Mary Wesley's The Camomile Lawn follows five cousins over the course of a summer, as they face the onset of war. Among them are 19-year-old Oliver, just back from the Spanish Civil War, gorgeous Calypso who is determined to Mary for money, and Sophie, who nobody loves.

Four Londoners – Leah, Natalie, Felix and Nathan – are the subject of NW by Zadie Smith. After a chance encounter, they are all forced to face the choices they've made and the people they've become. A perfect book to read ahead of the release of Smith's forthcoming essay collection, Intimations, about lockdown.

Find a tree and sit under its shade to read Lewis Carroll's Alice's Adventures in Wonderland. Carroll's world of disorderly tea parties, croquet played with birds and a giant cat is fantastical and surreal, and will take you out of the chaos of today for a few hours.

If you're looking for something gentle, look no further than The Darling Buds of May, the first in H. E. Bates' The Larkin Family series. After returning home from an outing for fish and chips and ice cream, the Larkins discover a visitor: Cedric Charlton, Her Majesty's inspector of taxes. Funny and warm, this is a novel to soothe you at the end of a long summer's day.

Non-fiction

In a bid to better understand his heritage, Damian Le Bas decided to take a journey to discover the "stopping places", the name given to old encampment sites known only to Travellers. In The Stopping Places: A Journey Through Gypsy Britain, Le Bas recounts the places he found and the stories he learnt, thereby uncovering a deeper sense of who he is and where he came from.

Discovering how the land ties into our sense of self is also explored by Elizabeth-Jane Burnett in The Grassling. When her father’s health started declining, and inspired by a history he once wrote of his small Devon village, Burnett Burnett decided to look at what it means to have roots, and how we connect to them when the people and places that nurtured us are slipping away.

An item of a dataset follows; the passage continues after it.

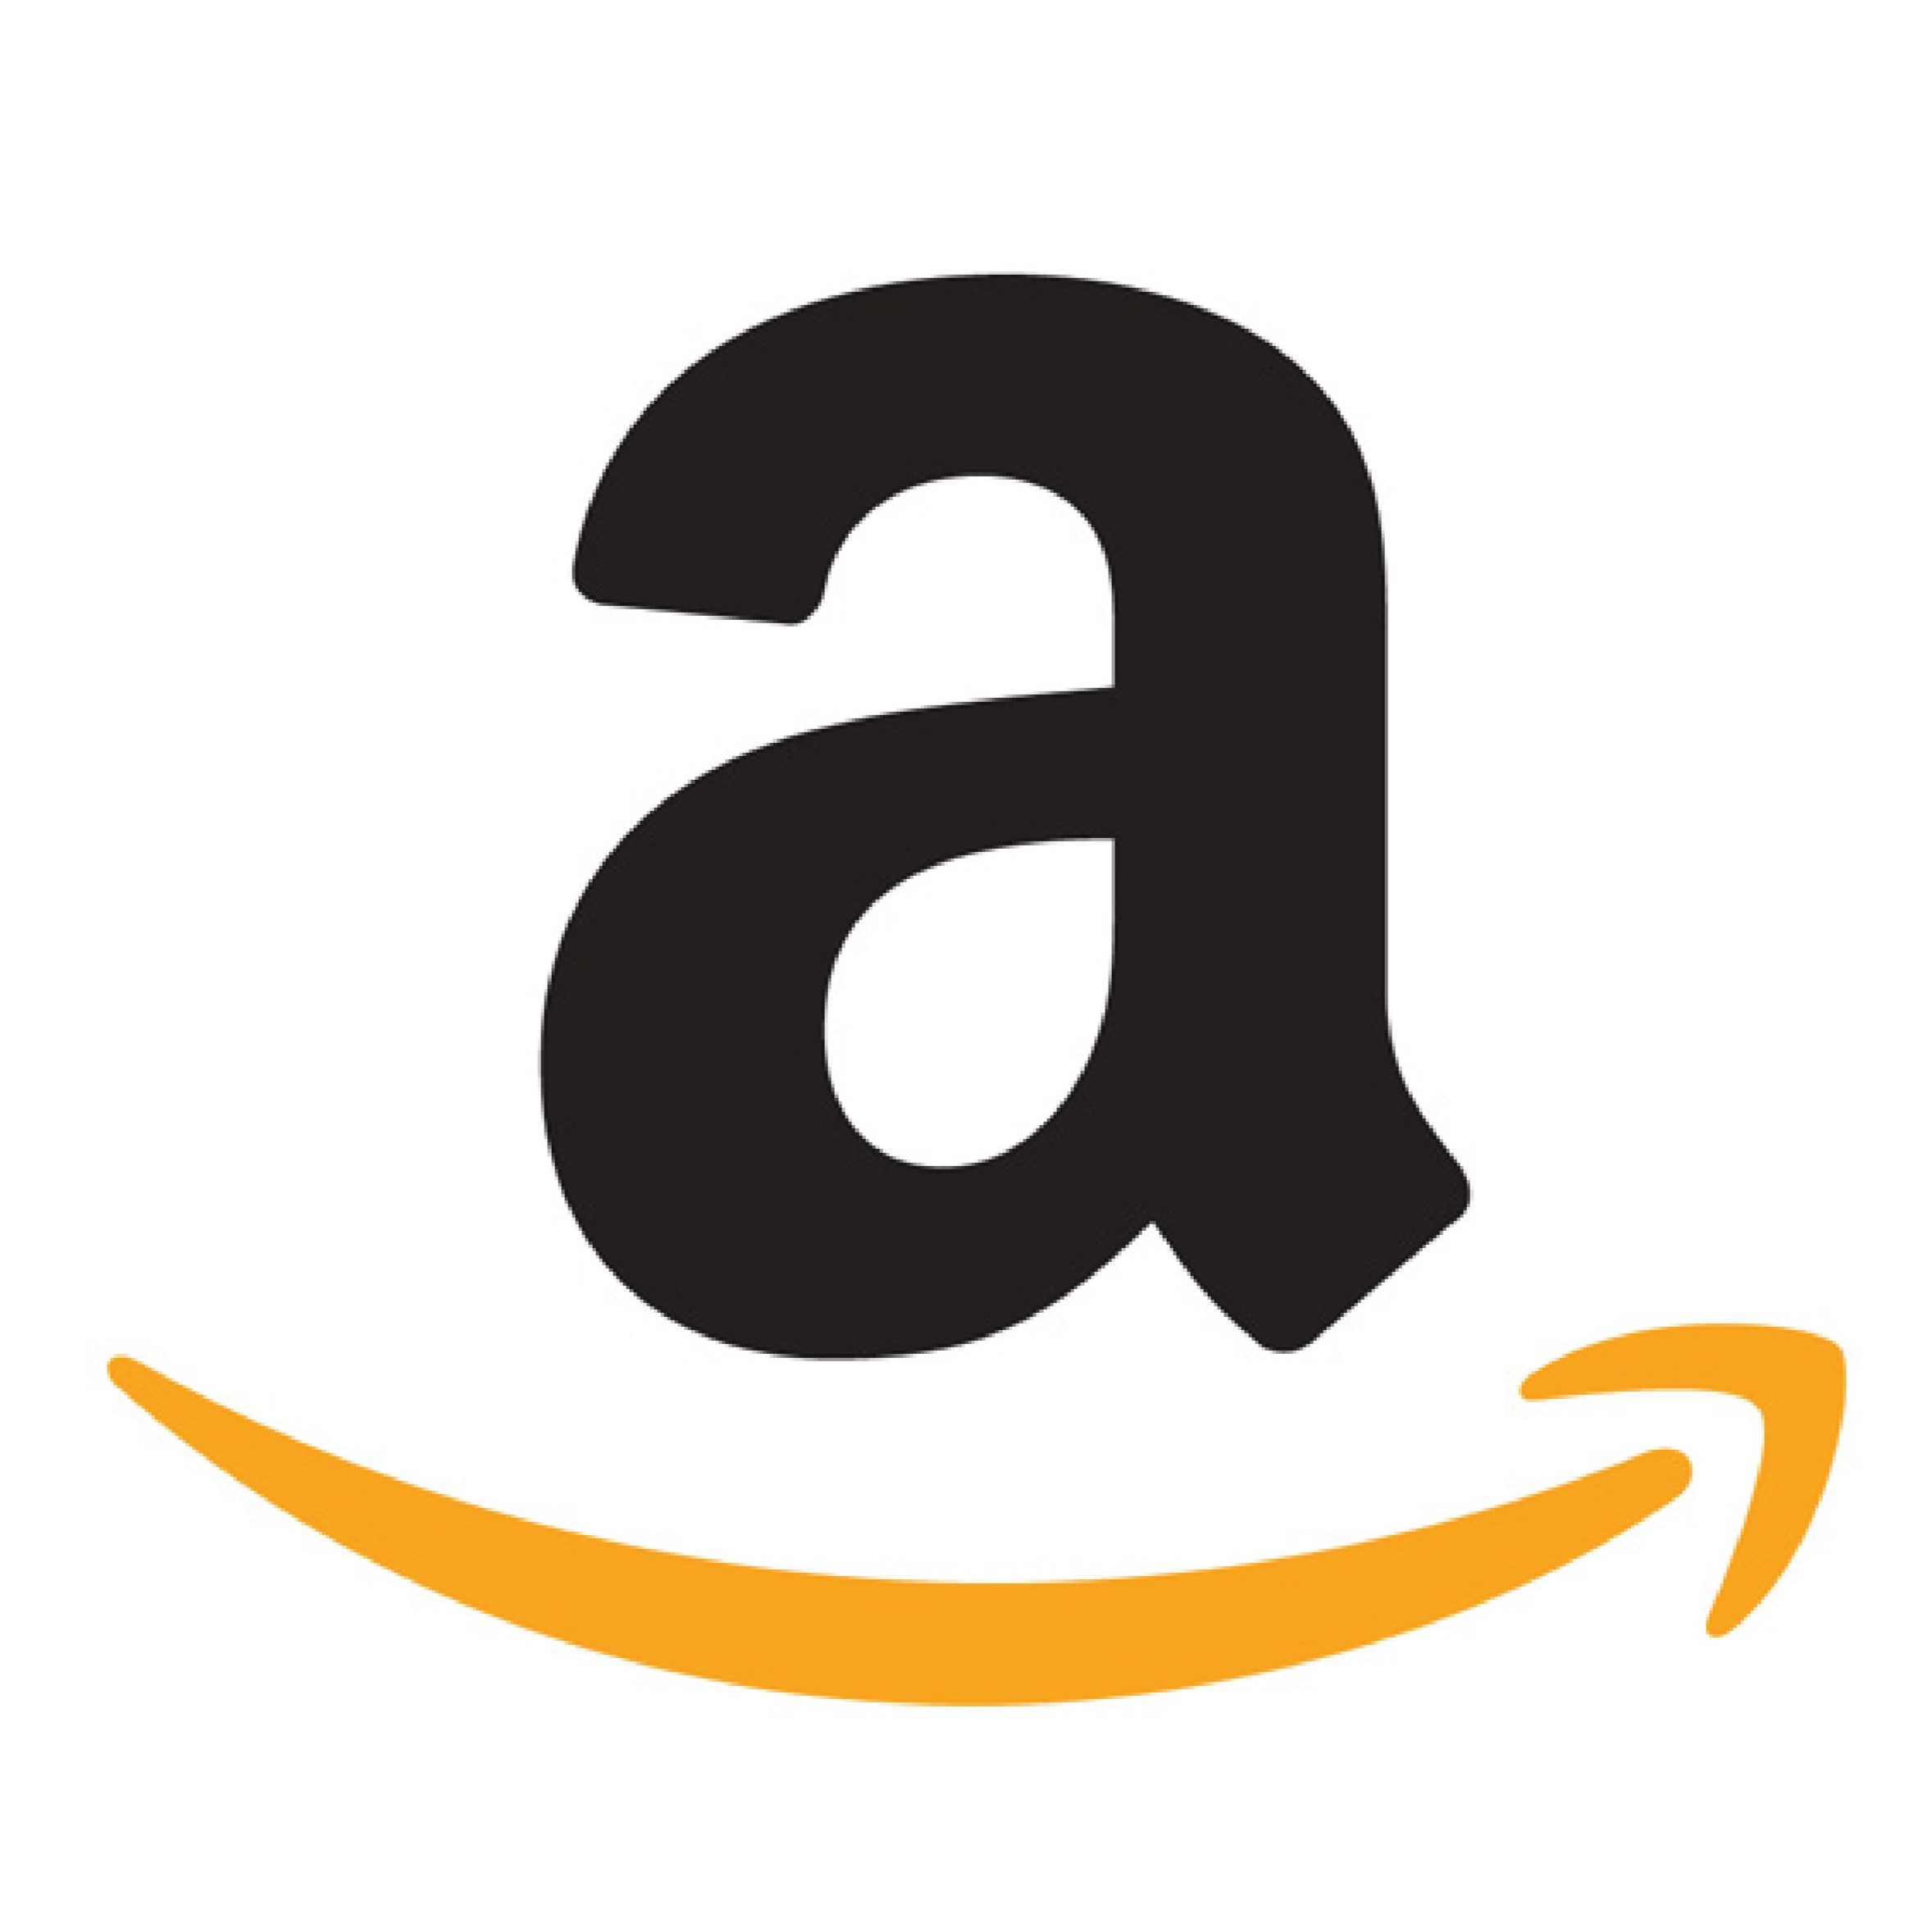 Amazon Product Name and Price Scraper

Indulge in a beautiful hardback...

Wagner's Parsifal by Roger Scruton

In Parsifal, the last opera written by Wagner, the title character has been called to rescue the Kingdom of the Grail from the sins that have polluted it. Sir Roger Scruton, who died just after completing Wagner's Parsifal, examines in this book how the opera is the culmination of Wagner's life-long obsession with the religious frame of mind, and how it looks at death, redemption and humanity. Scruton looks Parsifal's story and its musical ideas, and how these came together into a "sublime whole which gives us the musical equivalent of forgiveness and closure". This short and beautiful – inside and out – hardback deserves a space on your bookshelves.

Treat yourself to...

Penguin tote bag, with design for The Lost Girl by D. H. Lawrence
Image: Flora Maclean

Whether you're heading to the beach, the park or even just your local shops this summer, you'll need a bag to put all your things in. And if you're looking for something that’s not just functional, but also says something about you as a person, then the Penguin tote bag is for you. The canvas bag is roomy enough that you can throw in a few paperbacks or your e-reader, and also displays your love for books. Pick from your favourite title, including Virginia Woolf's A Room of One's Own and D. H. Lawrence's The Lost Girl, for £12.95 from the Penguin Shop.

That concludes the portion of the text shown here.